In order to understand the fundamental mechanism of the feedback scheme a bifurcation analysis in the parameter space is required. Bifurcation diagrams allow for the systematic conclusion on general bifurcation mechanisms of the stabilization of periodic orbits by time-delayed feedback. Moreover, they help in predicting the effect of various control schemes in dependence on their parameters. We studied numericaly the Rössler model  as a prototype example of a simple dynamical system with no hyperbolic chaotic attractors.

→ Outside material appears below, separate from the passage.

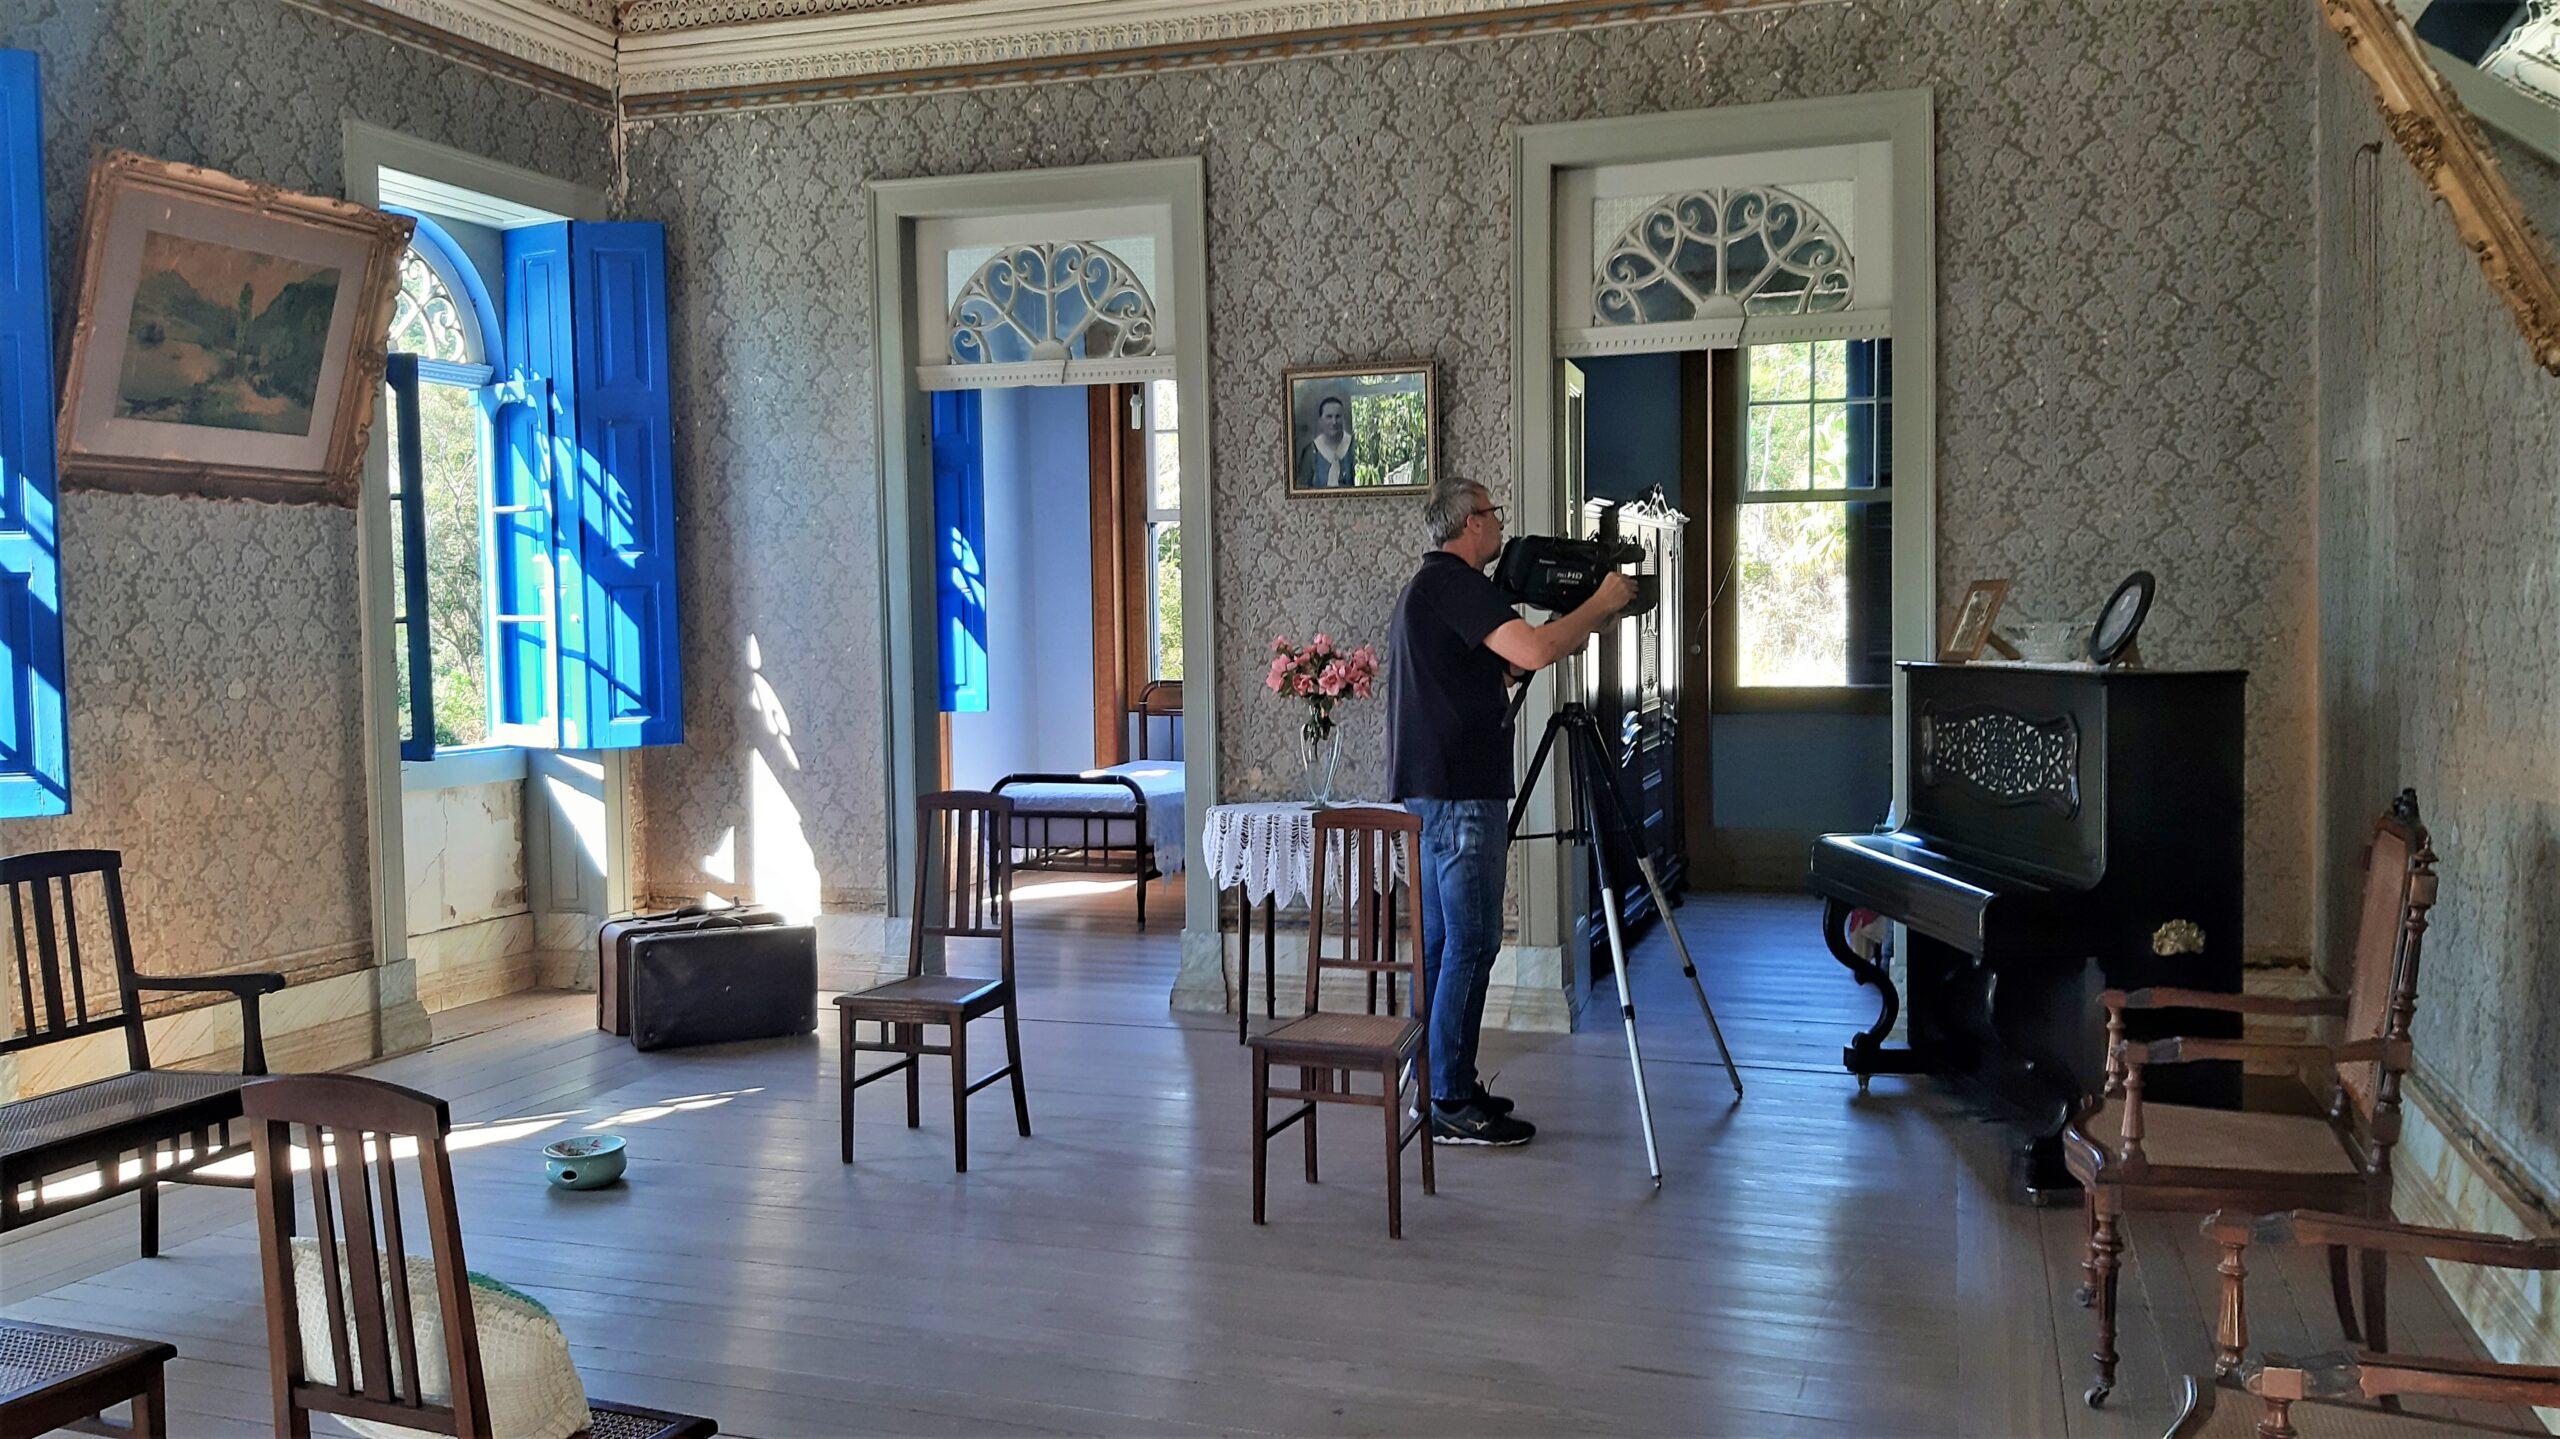 Cinegrafista Noé grava documentário produzido pelo portal de notícias Serranews. Acervo pessoal

We were able to find a complicated, multi-leaf bifurcation diagram in the control parameter plane including Hopf bifurcations, Neimark-Sacker bifurcations of a torus, period doubling cascades and delay-induced chaos. The single leaves correspond to bifurcations of periodic solutions each of different period. If the time delay is different from an integer multiple of the period of the unperturbed unstable periodc orbit (UPO), a delay-induced stable orbit with another period can be generated through a supercritical Hopf bifurcation. Using an analytical approximation we were able to calculate this period for time delays  other than the period of the original UPO.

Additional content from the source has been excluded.